◆ Problem details
Copy exactly the lines of the data below that run from the line holding "Offbeat indoor floor" through the line holding "Galatians 5:22 But", both ends included.

◆ Input
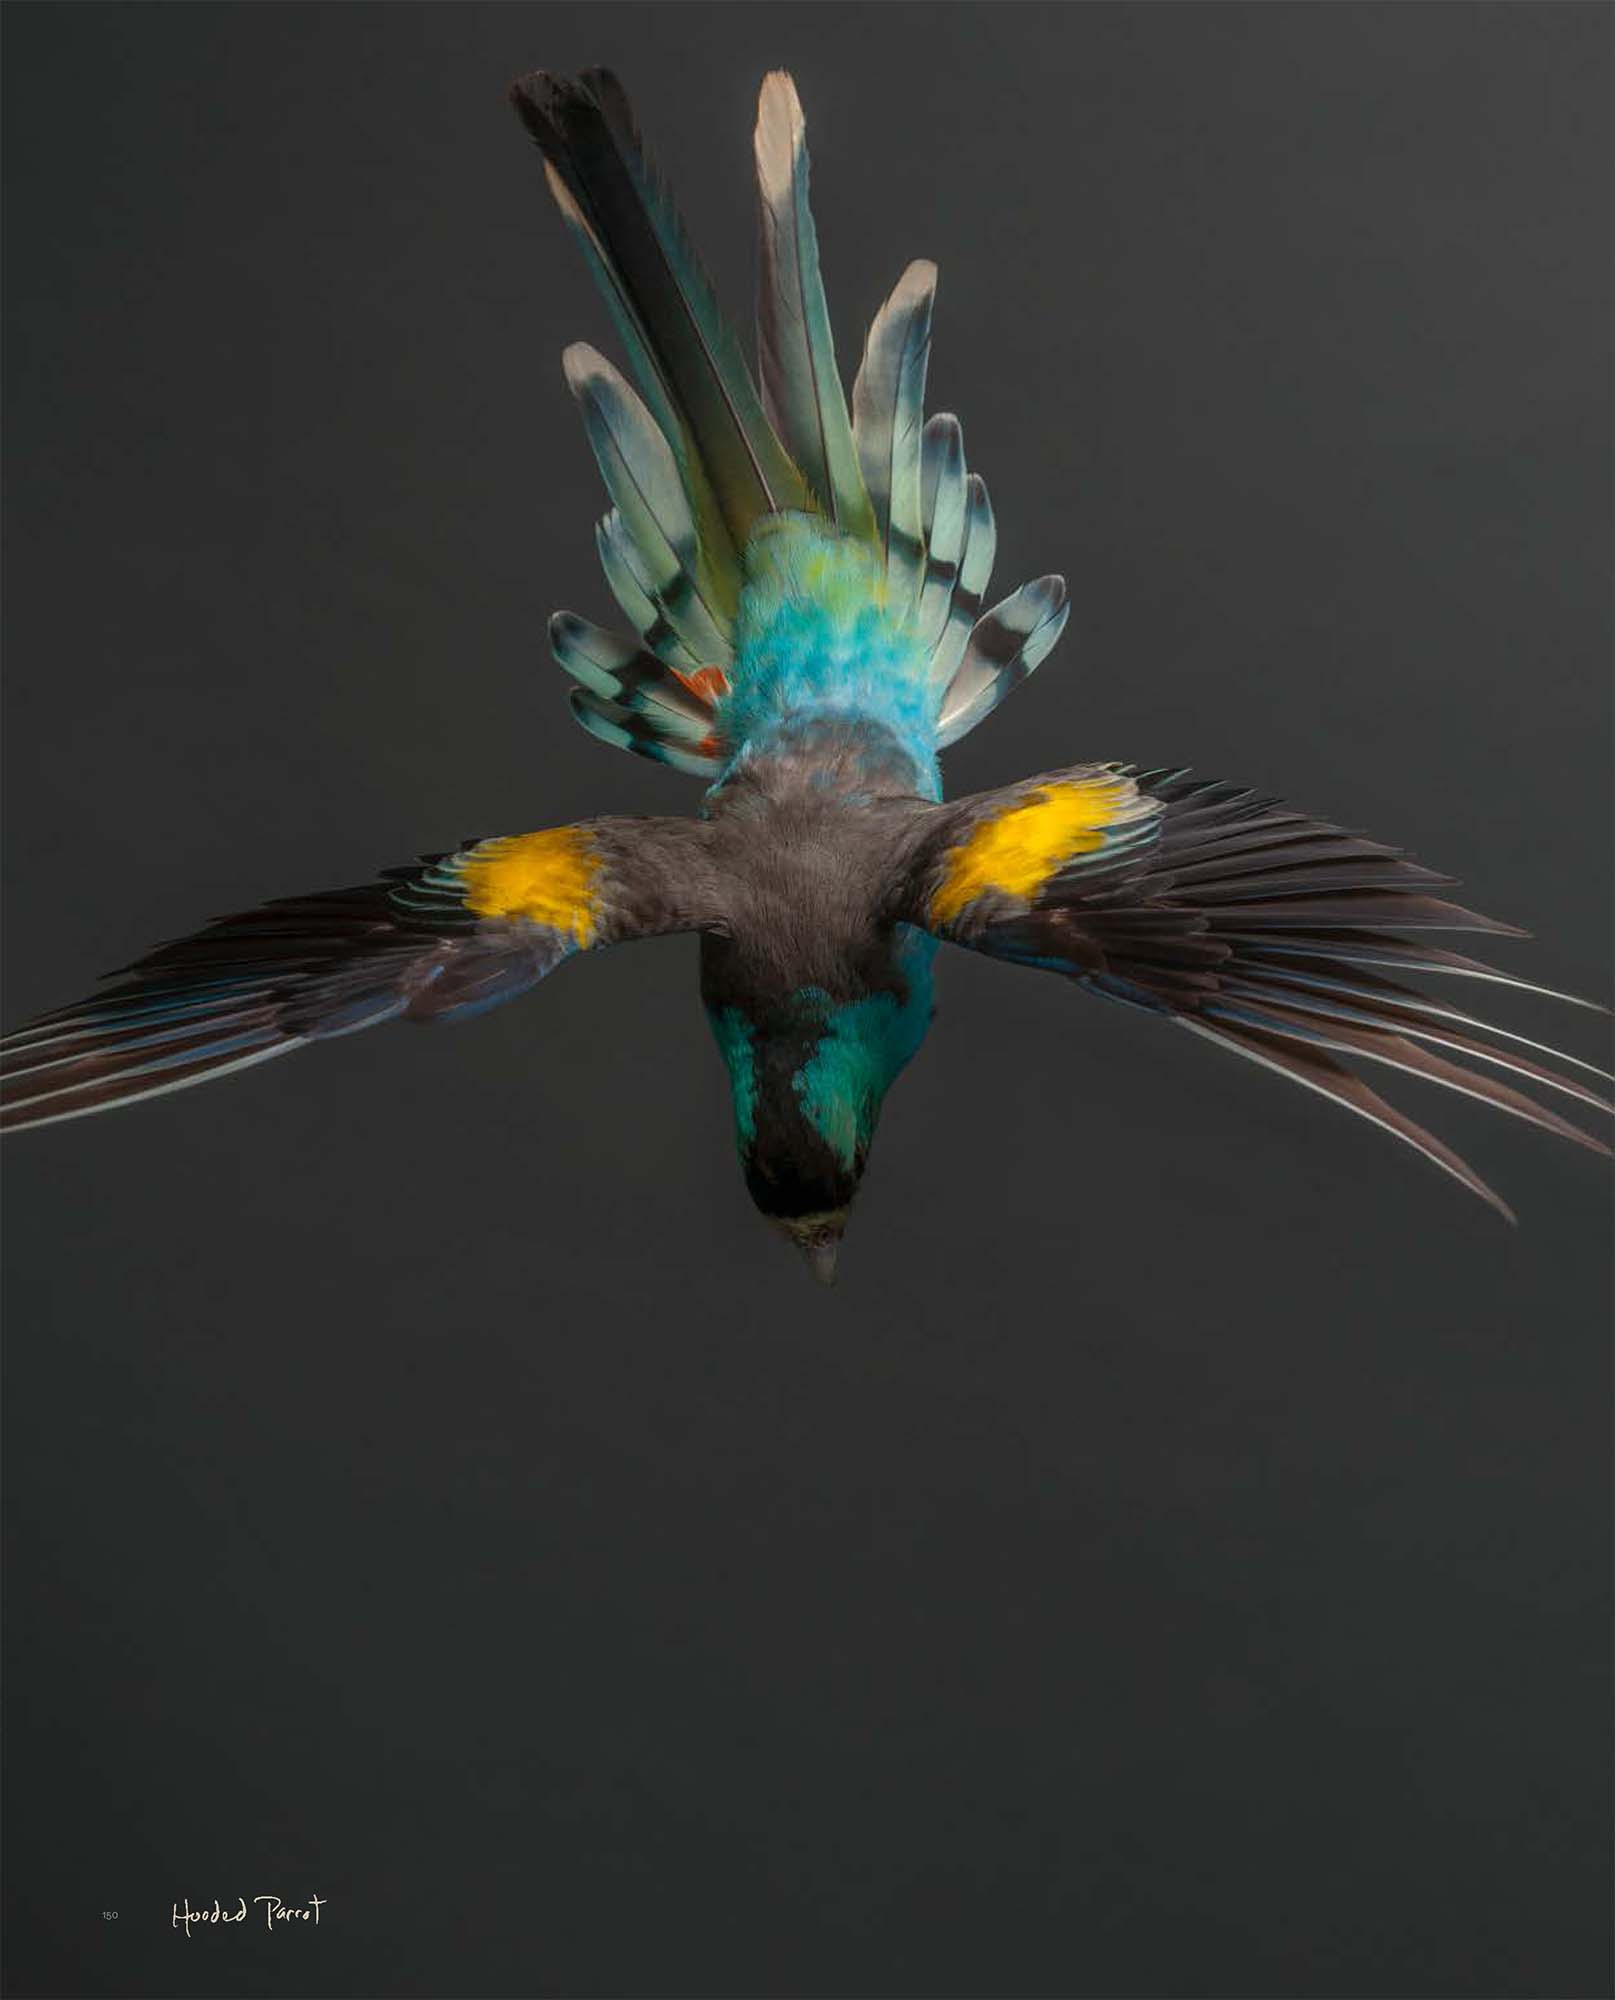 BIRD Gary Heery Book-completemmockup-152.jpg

==

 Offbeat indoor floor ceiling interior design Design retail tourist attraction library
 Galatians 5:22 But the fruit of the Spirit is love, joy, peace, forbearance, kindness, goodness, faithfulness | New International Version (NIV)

---

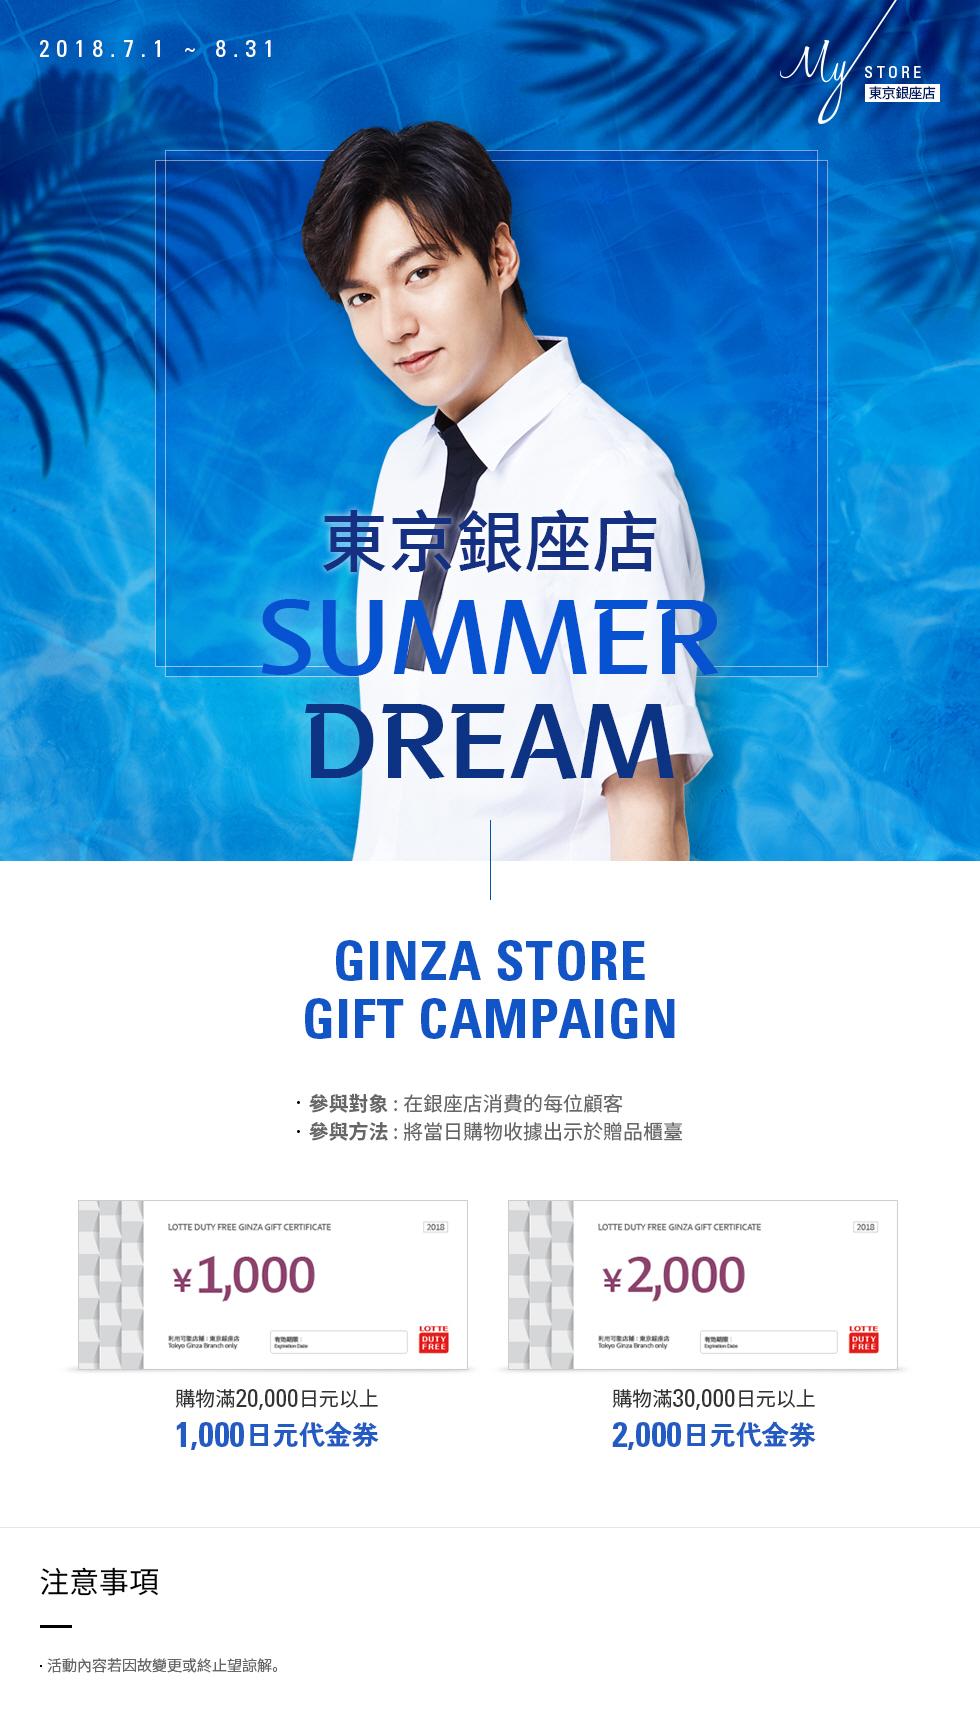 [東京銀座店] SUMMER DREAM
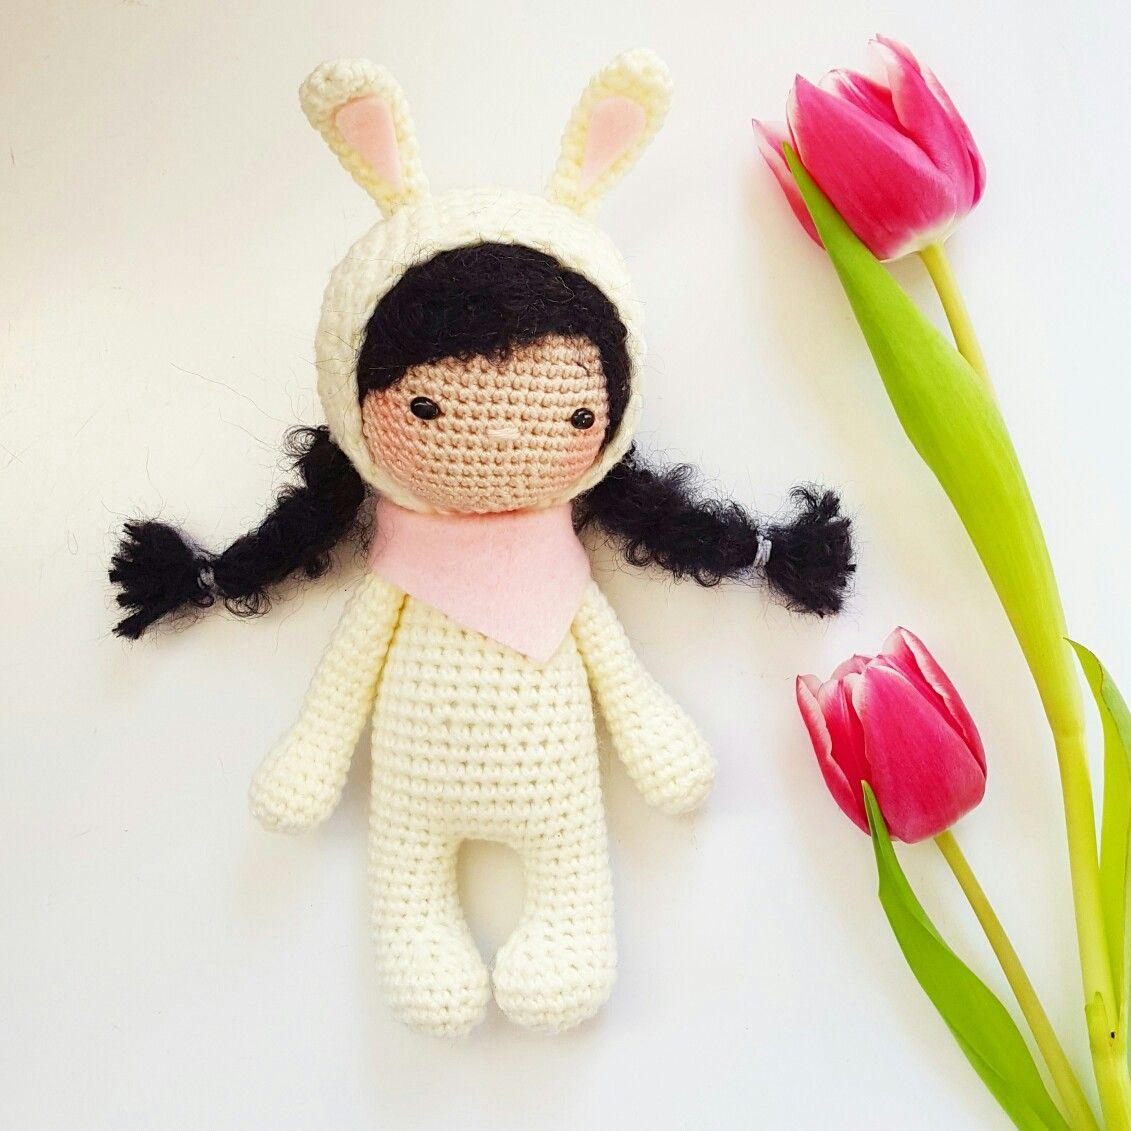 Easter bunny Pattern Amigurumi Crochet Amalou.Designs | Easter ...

◆ Answer to the exercise
 Offbeat indoor floor ceiling interior design Design retail tourist attraction library
 Galatians 5:22 But the fruit of the Spirit is love, joy, peace, forbearance, kindness, goodness, faithfulness | New International Version (NIV)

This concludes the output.